**YOUR ASSIGNMENT:** Only the lines from the top of the listing below through the line containing "Die Gründerinnen Julia" should be output, exactly and with no pictures.

**INPUT DATA:**
------------------------------------------------------------------------

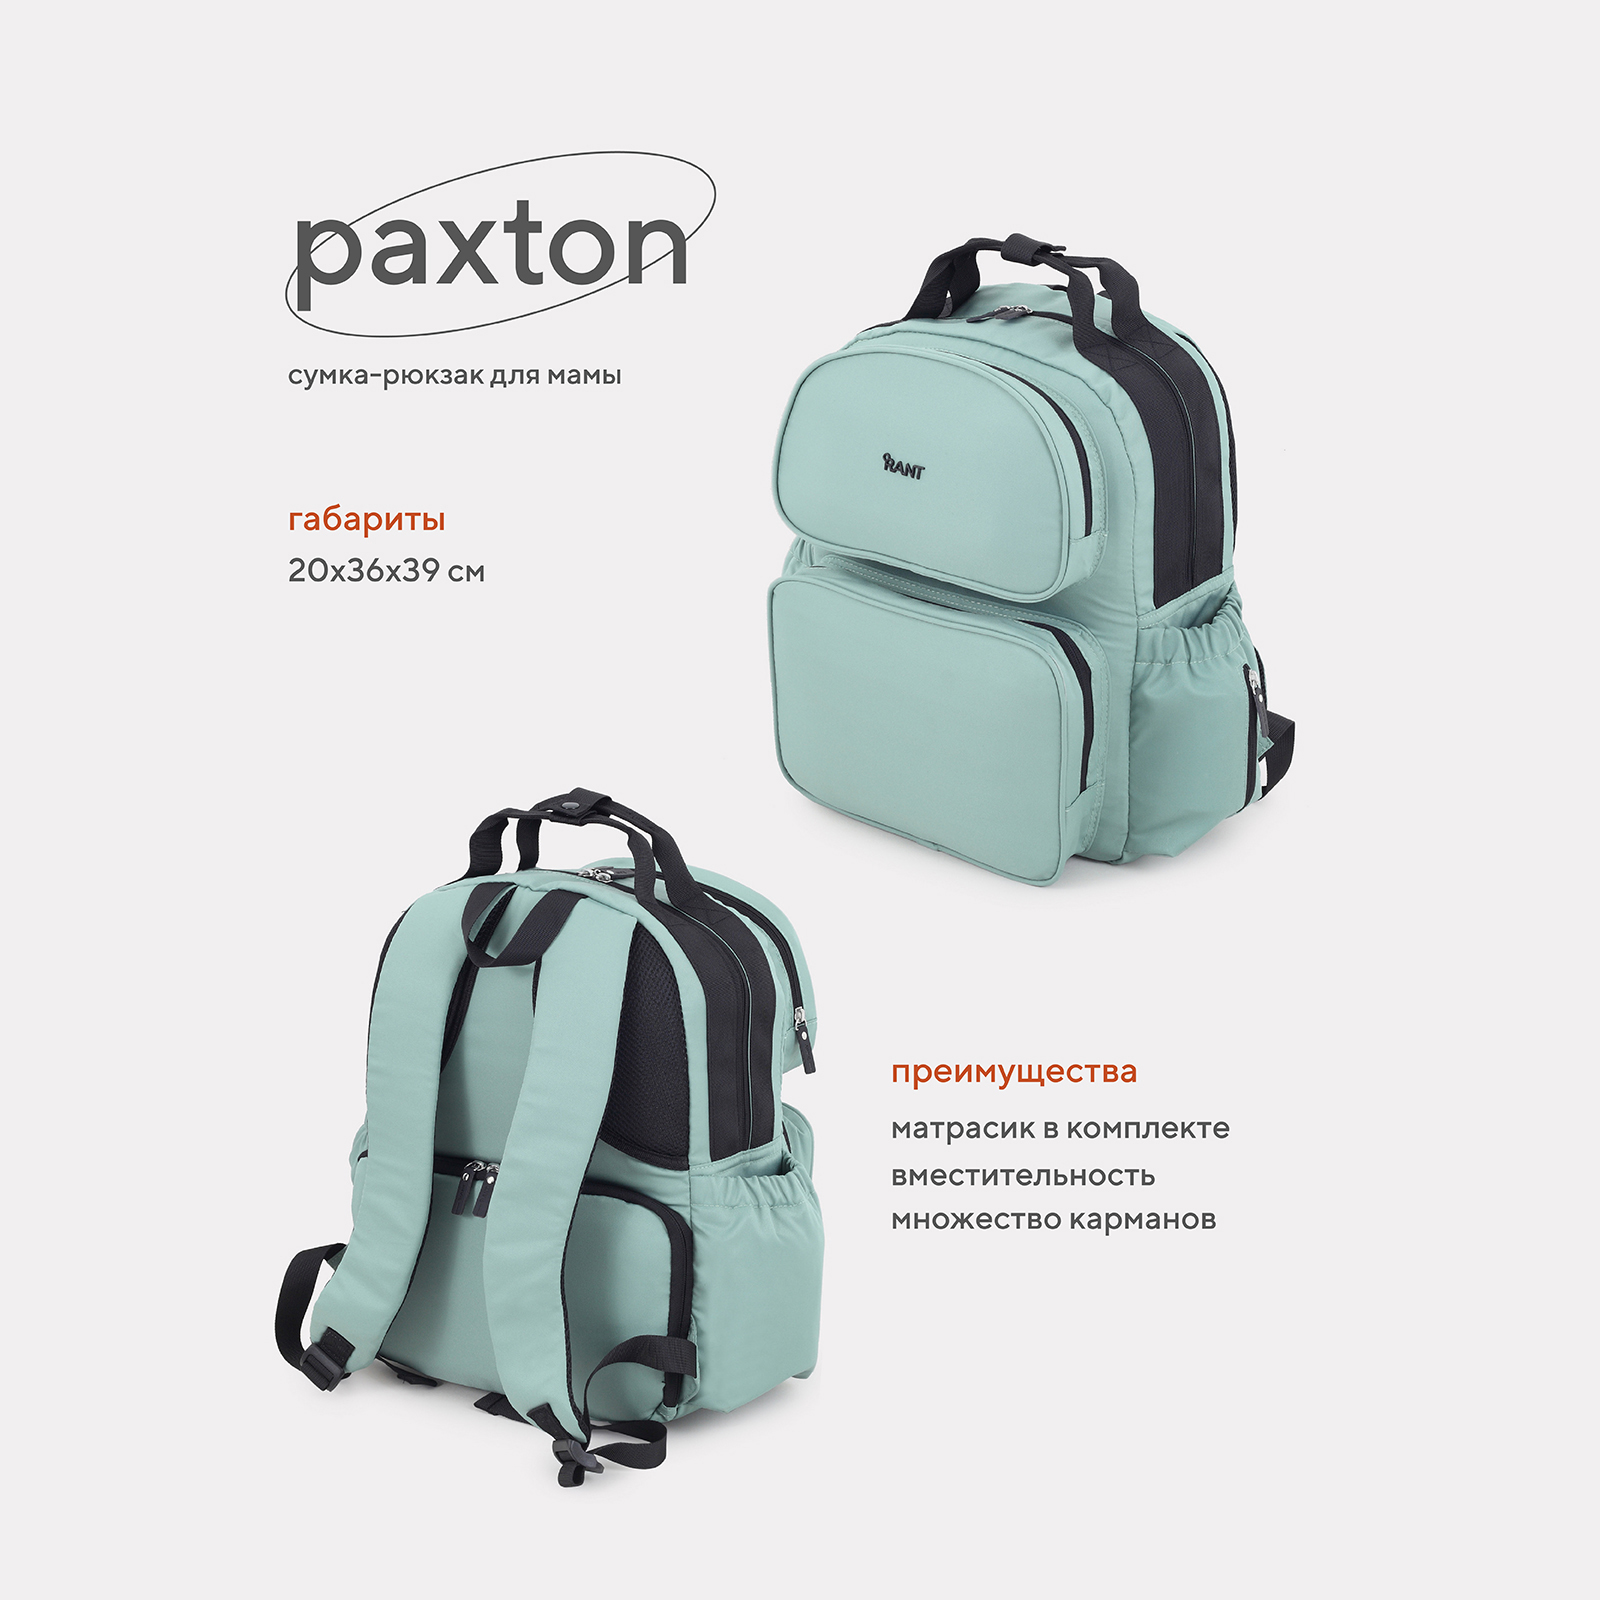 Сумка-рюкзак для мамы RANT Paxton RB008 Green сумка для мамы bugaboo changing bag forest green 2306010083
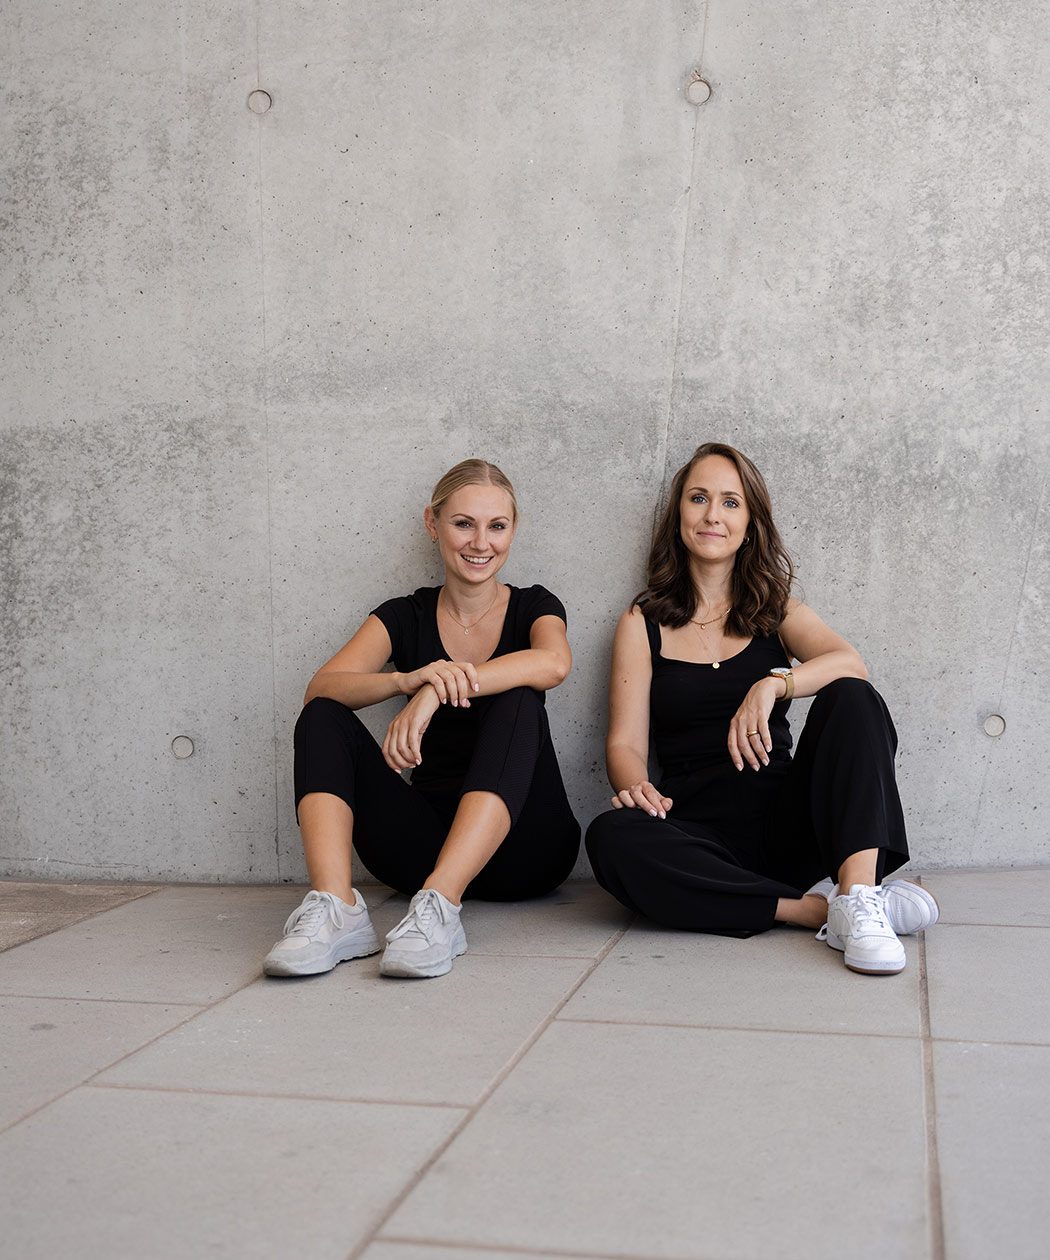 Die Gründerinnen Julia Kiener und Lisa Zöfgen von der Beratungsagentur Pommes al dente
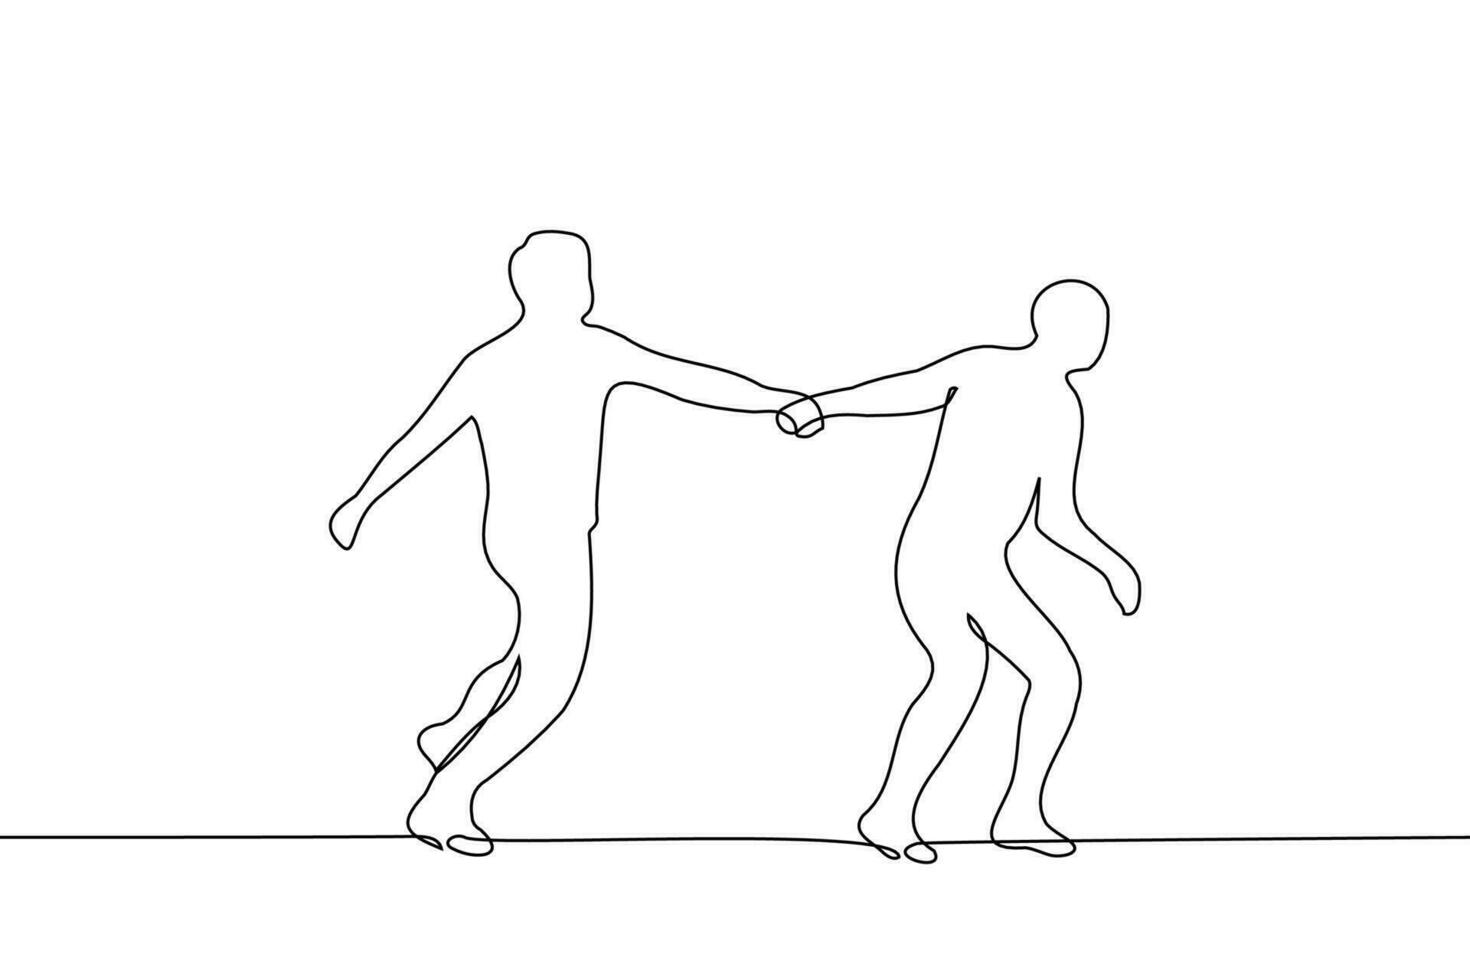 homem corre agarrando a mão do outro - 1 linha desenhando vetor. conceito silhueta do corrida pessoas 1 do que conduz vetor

------------------------------------------------------------------------

**RESULT OF THE TASK:**
 Сумка-рюкзак для мамы RANT Paxton RB008 Green сумка для мамы bugaboo changing bag forest green 2306010083
 Die Gründerinnen Julia Kiener und Lisa Zöfgen von der Beratungsagentur Pommes al dente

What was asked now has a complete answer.